Group coverage is underwritten on the group as a whole, not on each applicant's health. The insurer reviews the group's characteristics rather than ordering medical exams.

FactorGroupIndividual
Underwriting unitEntire groupThe applicant
Medical examsUsually noneOften required
Issue basisGuaranteed issue (within rules)Conditional on health
Anti-selection controlEligibility/participation rulesIndividual underwriting

Group Underwriting Considerations

  • Industry/occupation — hazard level of the work performed.
  • Group size — larger groups produce more statistically predictable claims.
  • Age and sex distribution — younger pools generally cost less.
  • Geographic location — regional medical-cost variation.
  • Prior claims experience — the group's loss history.

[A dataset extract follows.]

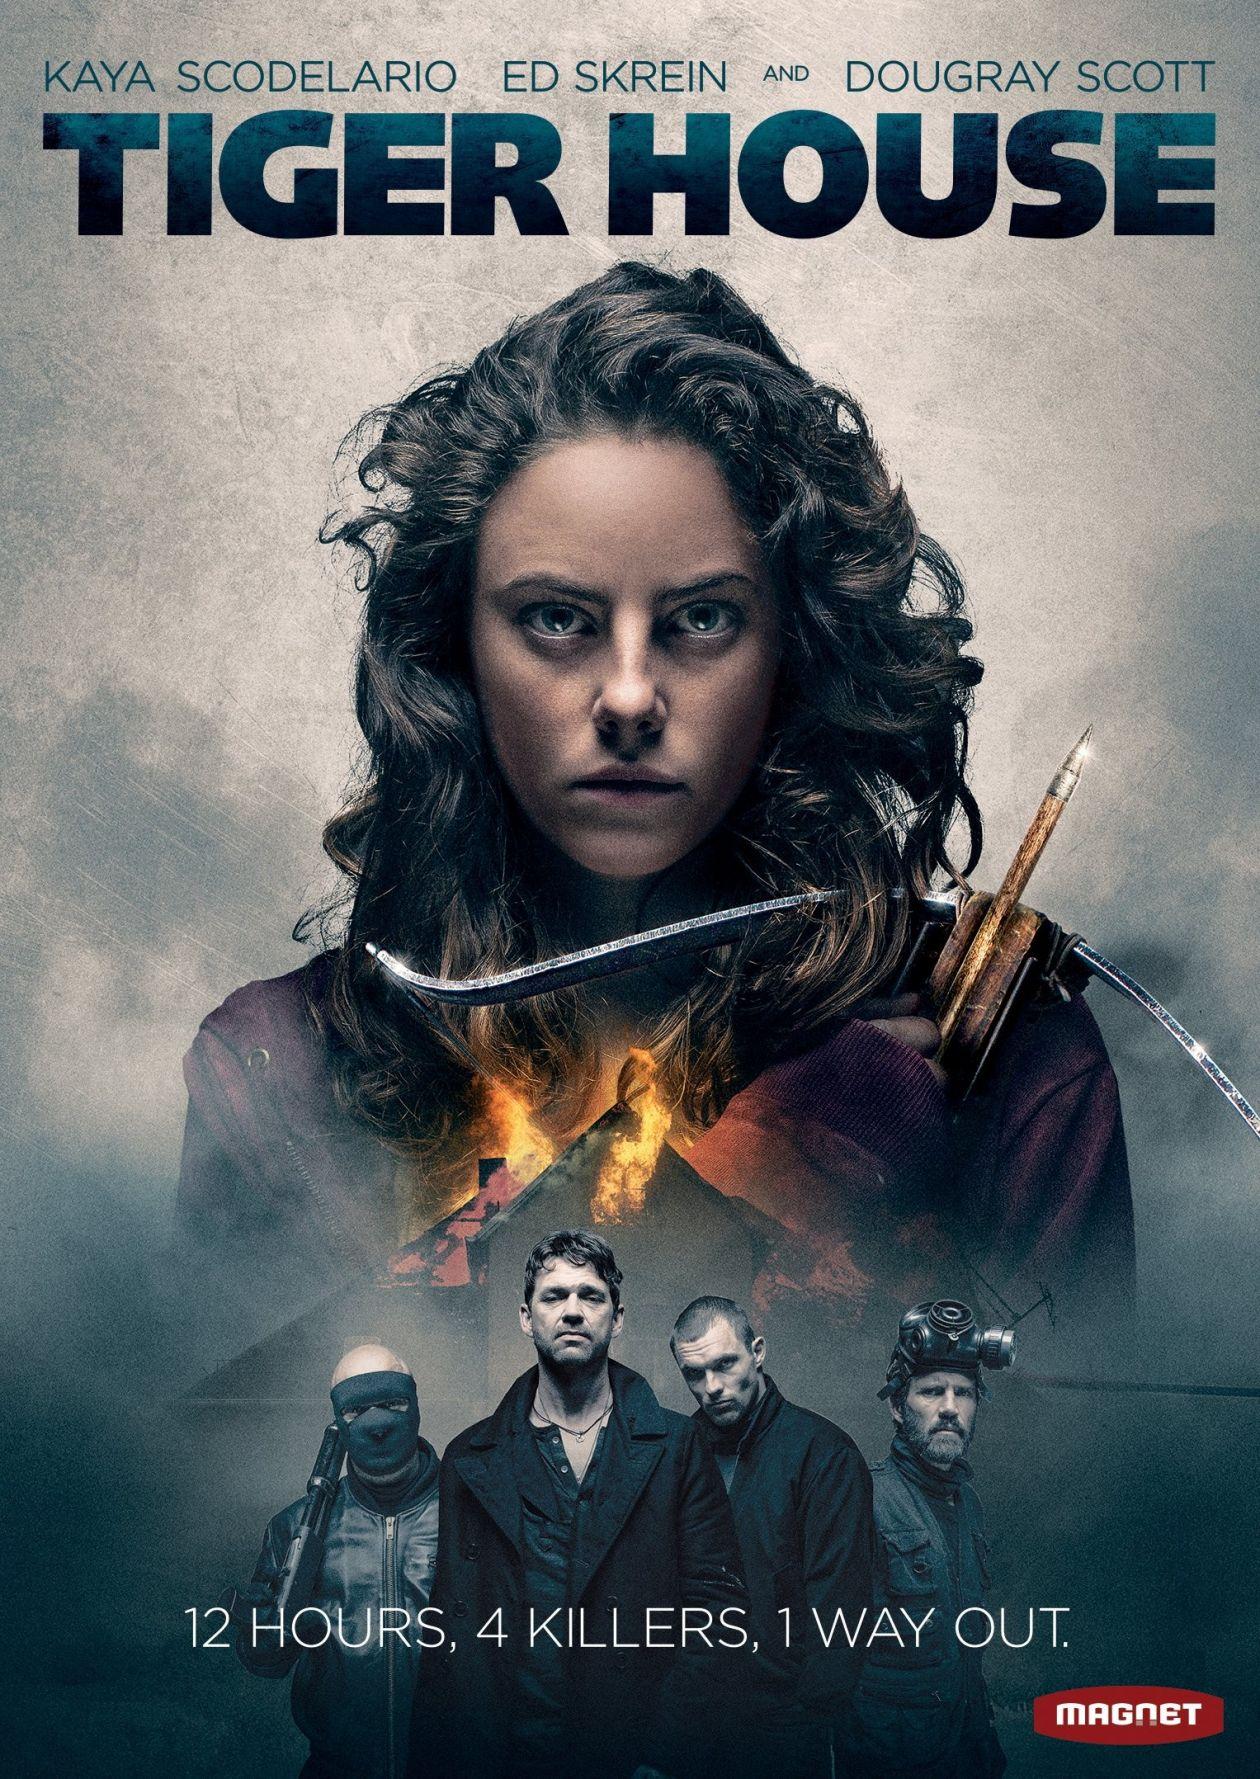 Kaya Scodelario actress   Tiger House / Thomas Daley 2015 Movie Poster Affiche film

Because there is no individual underwriting, the insurer relies on structural safeguards to avoid attracting only sick lives. Those safeguards are the eligibility rules below.

Eligibility and the Active-Work Rule

To be a covered participant, an employee normally must clear several gates designed to prevent people from buying in only when they need care.

RequirementTypical standardPurpose
Employment statusFull-time, 30+ hrs/week (ACA)Limit pool to genuine employees
Probationary period0–90 days after hireDiscourage hiring for coverage only
Waiting periodFirst of month after probationAdministrative cutoff
Active at workActually working on effective dateConfirm insurability proxy
Eligible classDefined by job, hours, locationPrevent hand-picking risks

Active-Work Requirement

The active-work (actively-at-work) requirement states that an employee must be performing the normal duties of the job on the date coverage would take effect. An employee absent due to illness or injury on that date has coverage deferred until they return to active work. This is a classic anti-selection device — it prevents an employee from delaying enrollment until a known medical event, then claiming on day one.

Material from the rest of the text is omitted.